**WHAT YOU NEED TO DO**:
With pictures removed, print the listing exactly.

**DATASET SECTION**:
###
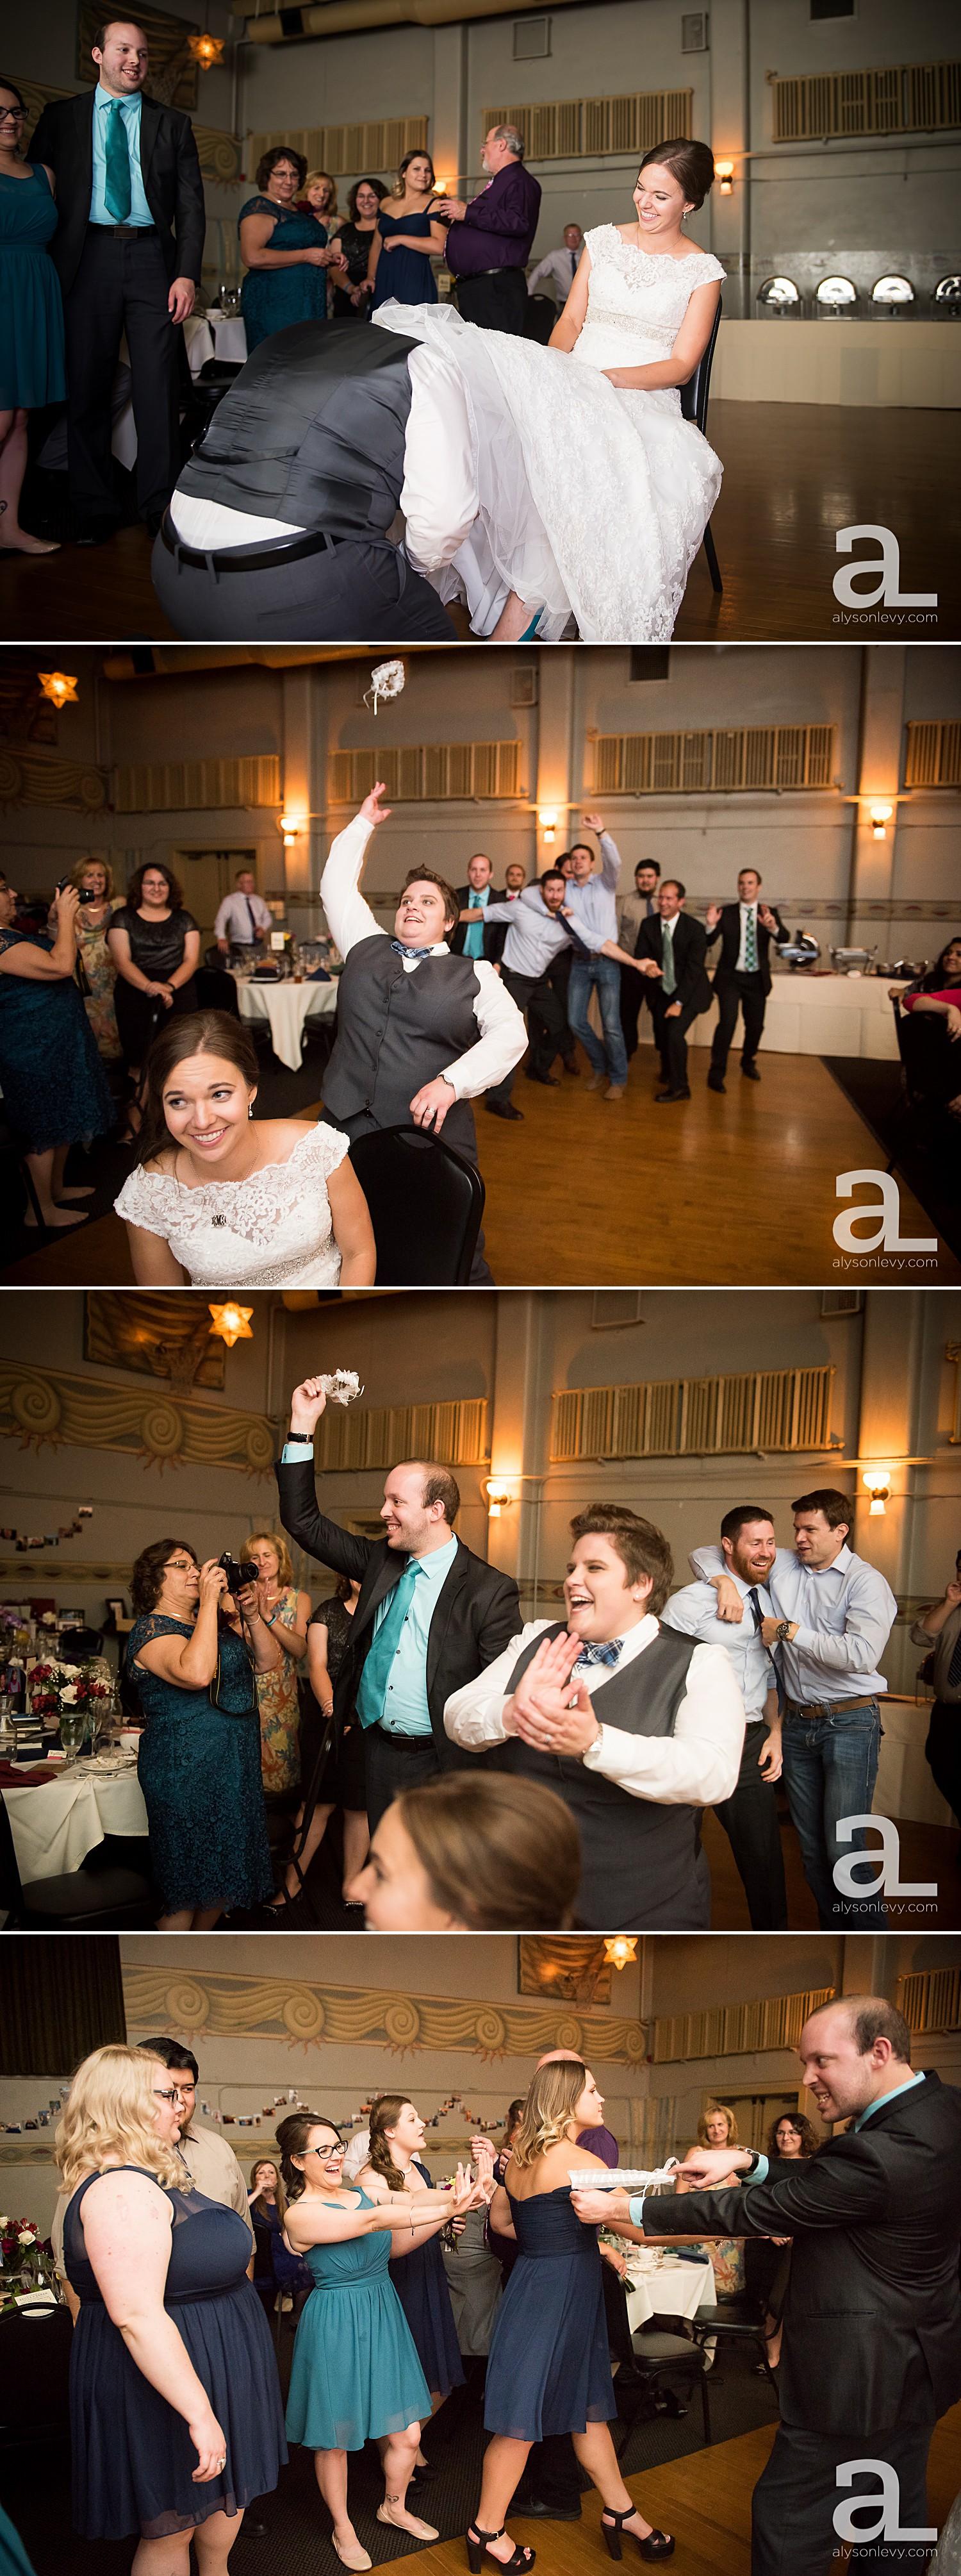 Portland-Kennedy-School-Gay-Wedding-Photography_0025.jpg
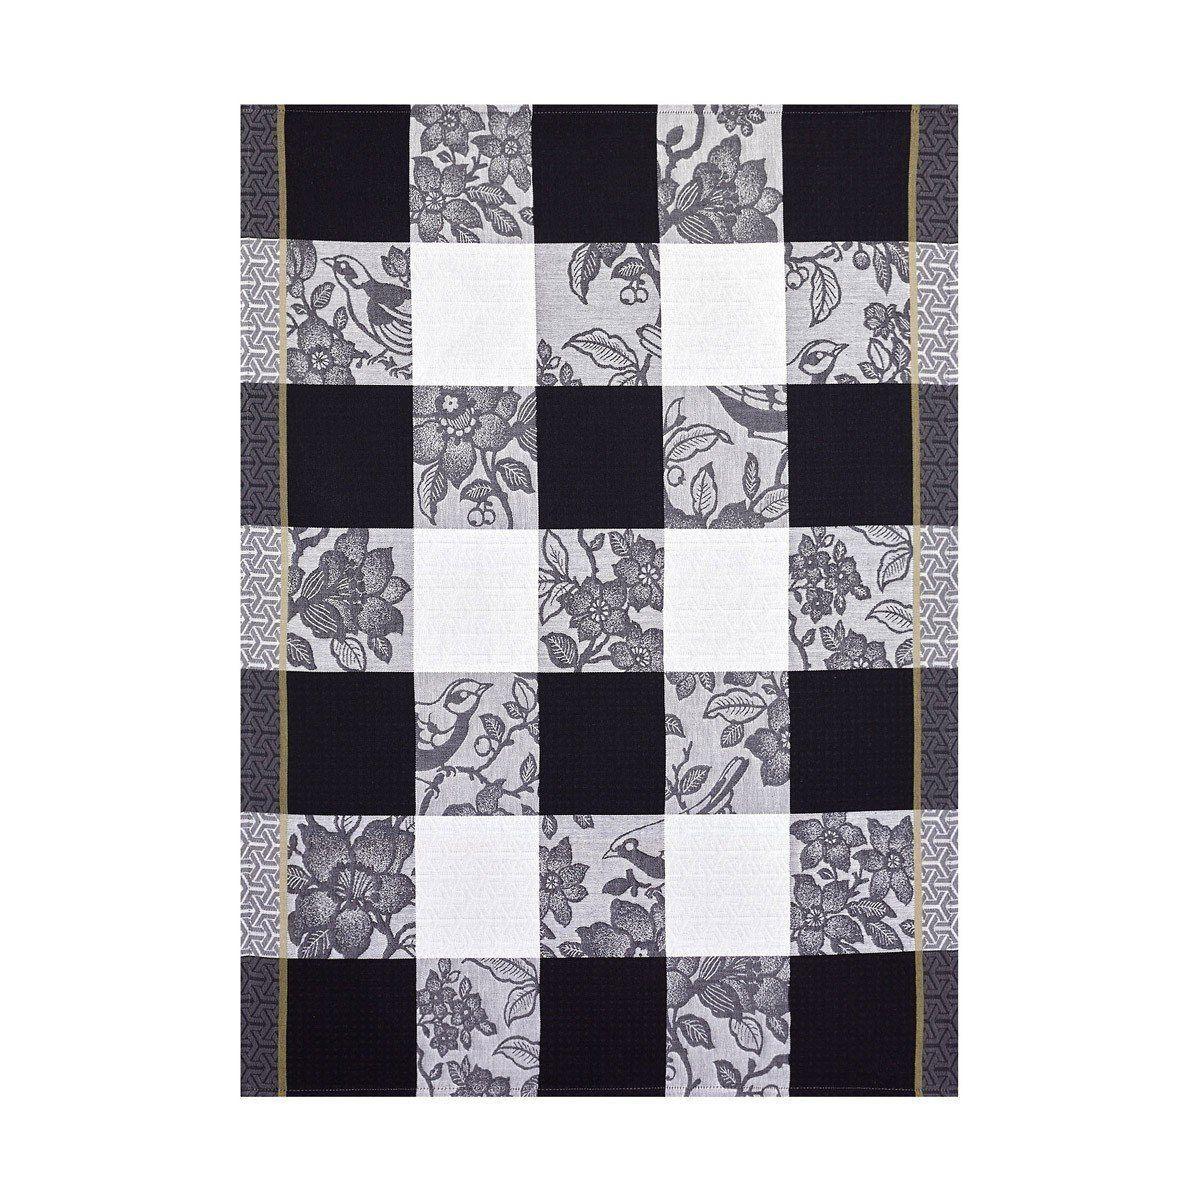 Estampe Chinoise Grey Tea Towel Set Of 4 By Le Jacquard Francais
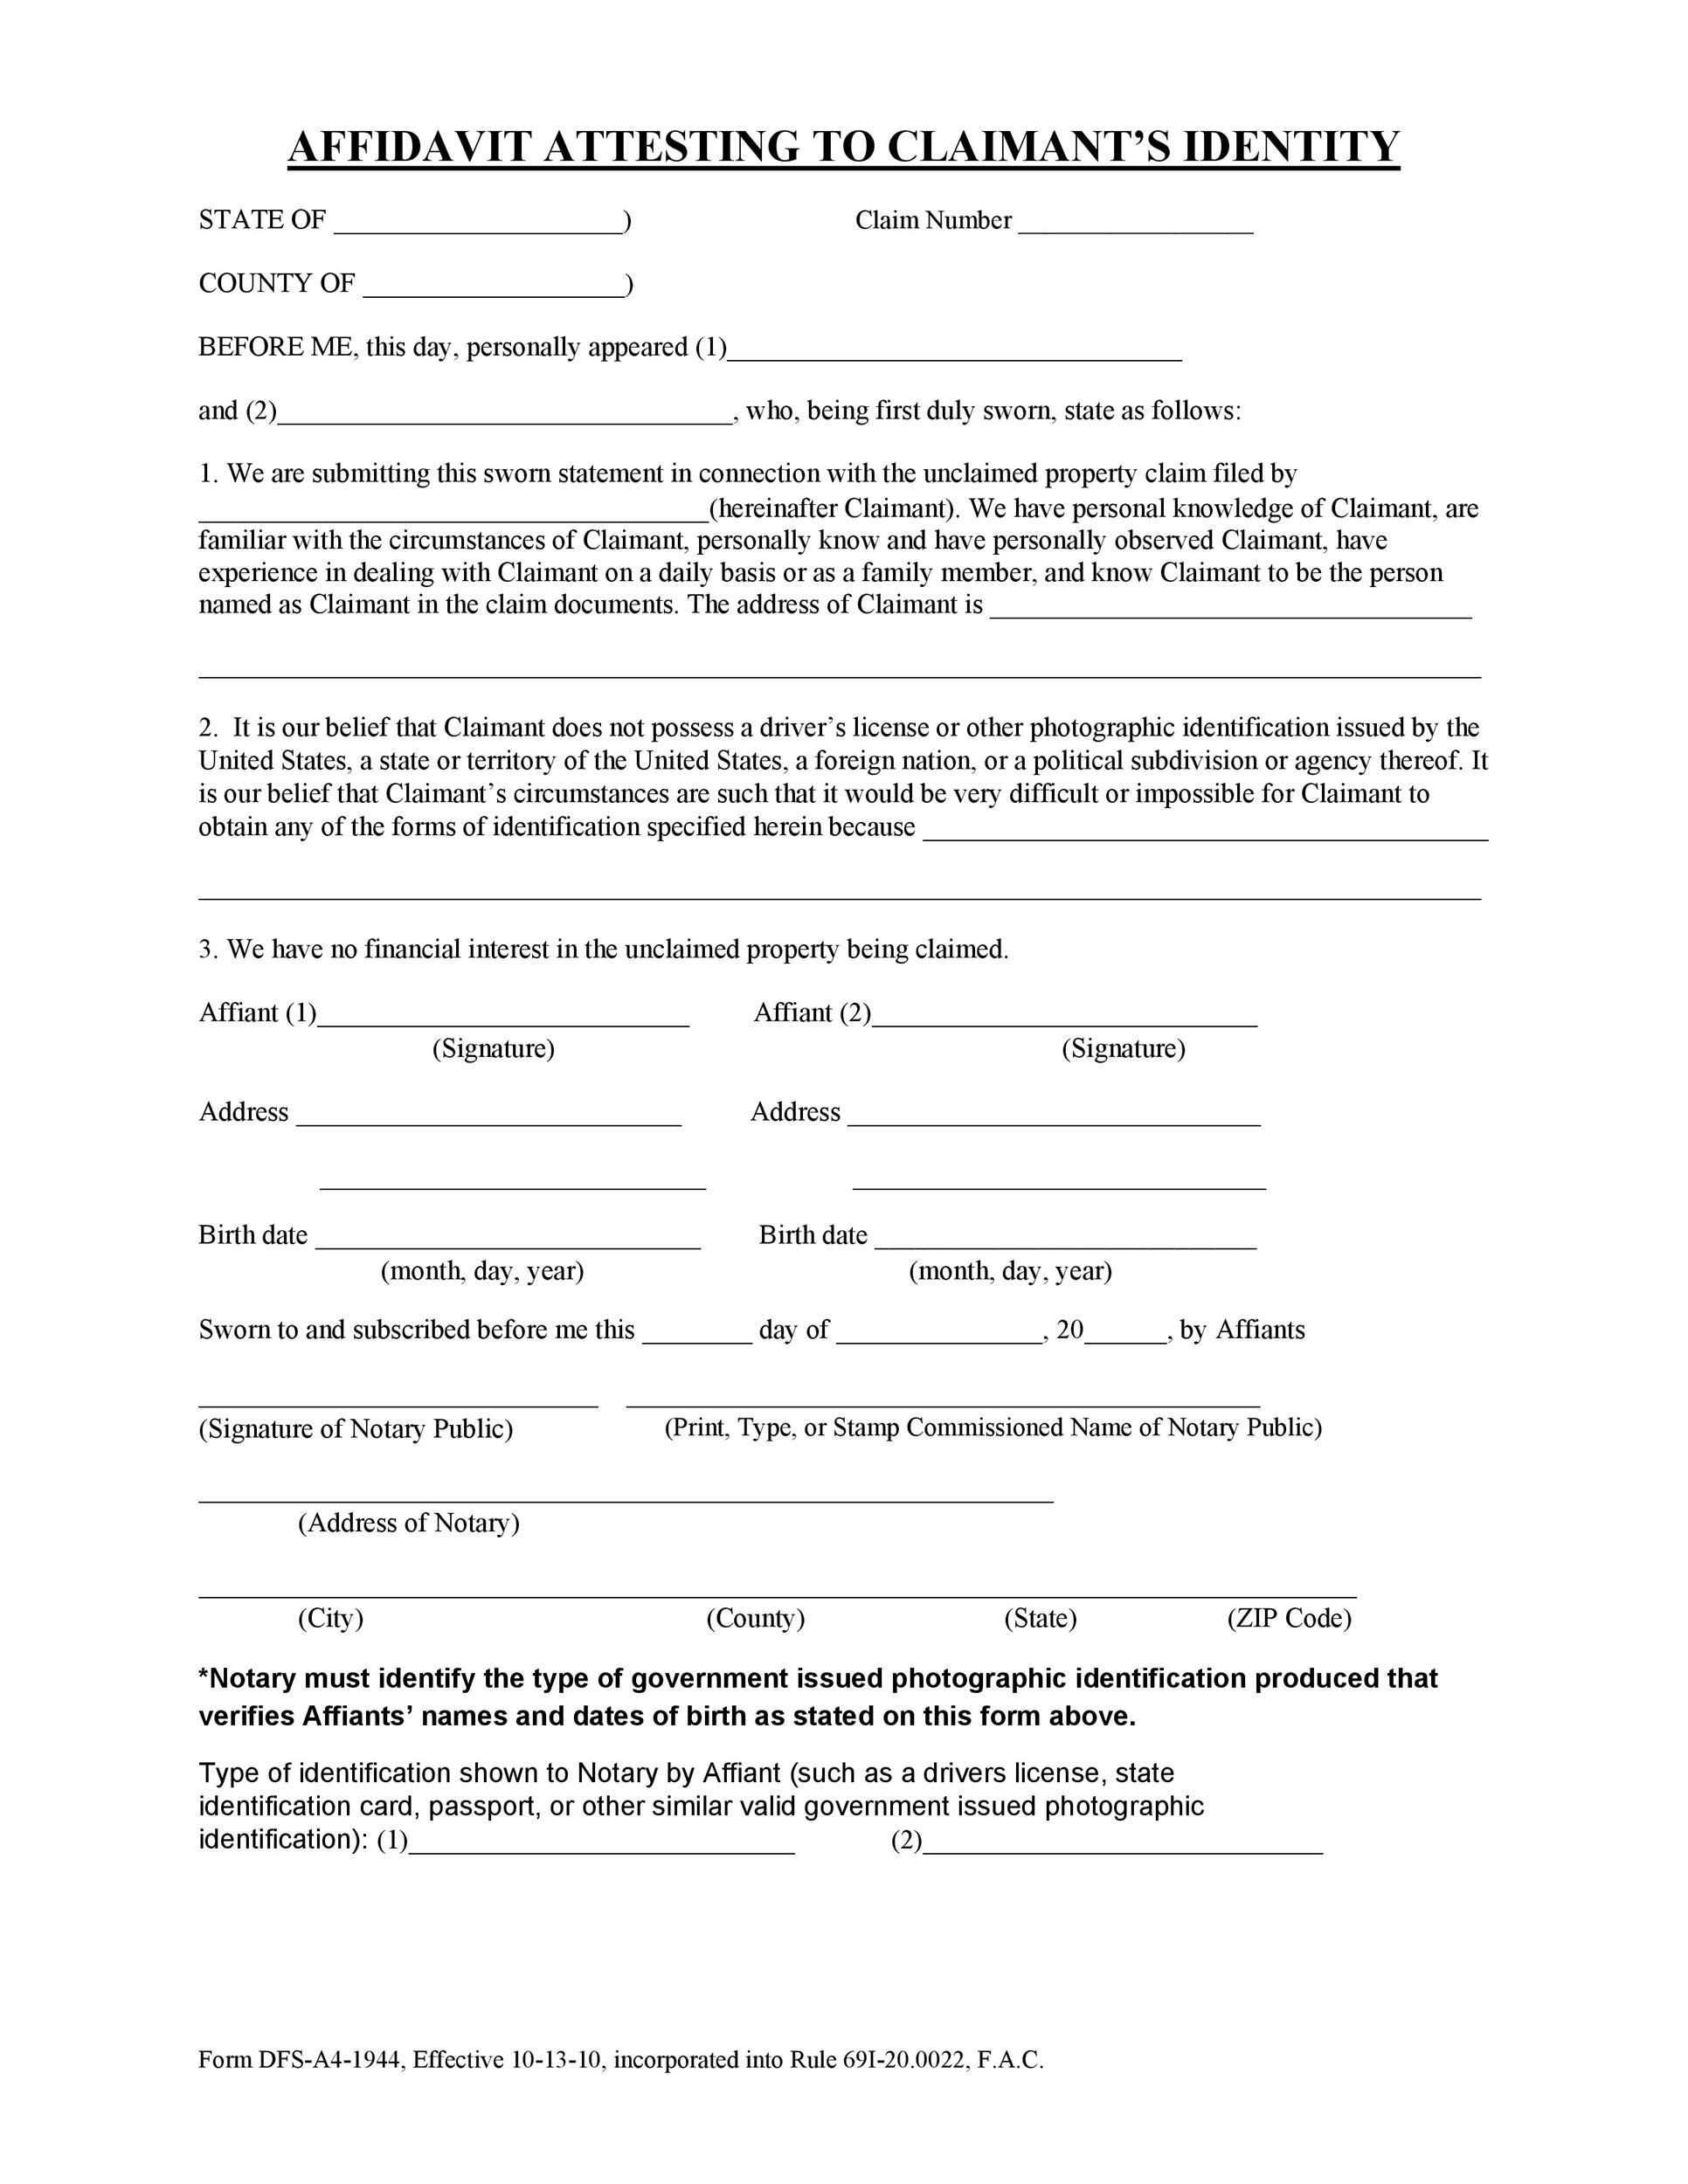 Free affidavit of identity 30
###
**TASK ANSWER**:
 Portland-Kennedy-School-Gay-Wedding-Photography_0025.jpg
 Estampe Chinoise Grey Tea Towel Set Of 4 By Le Jacquard Francais
 Free affidavit of identity 30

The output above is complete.